I asked Jesus into my heart when I was five years old, but it would take twenty years and an eviction notice before I let him back in as Lord of my life.
I’ve always been an idealist, a dreamer of dreams. Too often I’ve lived in a world of fantasy and story and tasted bitter disappointment when life inevitably fell short of the pictures conjured by imagination. In response, I shrank from the world’s slings and arrows, only to find myself trapped by the greater agony of alienation from God and man.
Like Siddhartha in Herman Hesse’s novel, I spent the majority of my three decades of life in a desperate search to get it right. Right beliefs, right actions, right feelings. I tried the way of ascetic discipline and religious deeds for twenty-two long years before I finally gave up, exhausted and defeated by my own wretchedness. Instead of following Paul’s example and crying out to the One who could save me from this body of death, I gave into despair. I could never be good enough, so why torture myself trying?
Shortly after my 21st birthday, I walked away from the repressed pharisaical life that never did anything more than whitewash the oozing blackness of my heart. Plunging heedlessly into a debauched hedonism, I turned my back to God in defiant anger. How dare He demand perfection from me when we both knew it to be impossible? I spat in His face with my willful rebellion.

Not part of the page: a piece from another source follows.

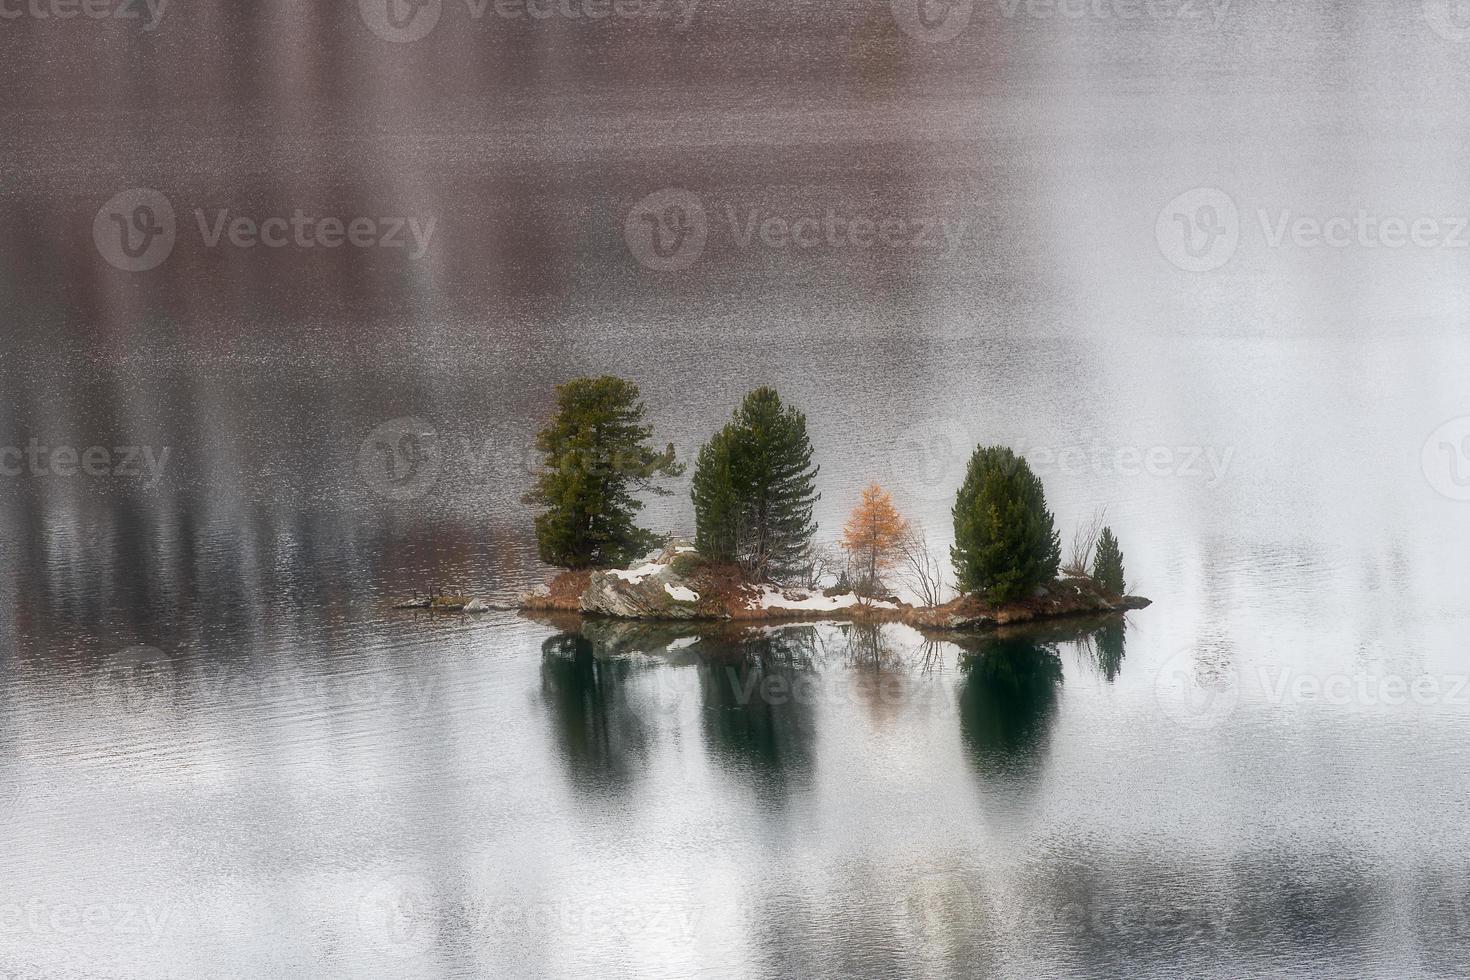 pequeña isla con plantas en un lago de montaña foto

Bereft without any spirituality, I studied the world’s religions, hoping to find a system that would assuage my pride and let me keep my heart away from the demanding, spiteful god I had constructed for myself. Nothing satisfied.
Through it all, the true Triune God persistently wooed me, administering His love to my hardened heart in doses small and large through kind strangers, concerned family and accepting friends. His relentless lovingkindness slowly but surely healed the rutted scars of repeated abuse - even though the abuse was almost entirely self-inflicted.
This isn’t a feel-good saccharine Sunday School story. My sins are offensive and ugly. There are some who don't want to be confronted with the real danger posed by the powers of darkness and the real capacity for evil in the human heart, and some might be repulsed by what I did and said.
Just as my story has too much sin for the self-righteous, it contains and too much Gospel for those who relish reading about life’s seamy underbelly. It centers on the most offensive topic of all – God’s exclusive plan of salvation through Jesus Christ. There are still many, even in churches, who stumble over the Chief Cornerstone.
I have confidence that comes from a calling. There is someone or perhaps many someones out there who need to read this story, and I’m the one to tell it. I will state the facts plainly, warts and all. I will leave no darkened corners, no secret passageways, but will shine the light of Christ over my life so that my Savior may get the full glory for the work He is still carrying out to completion in me.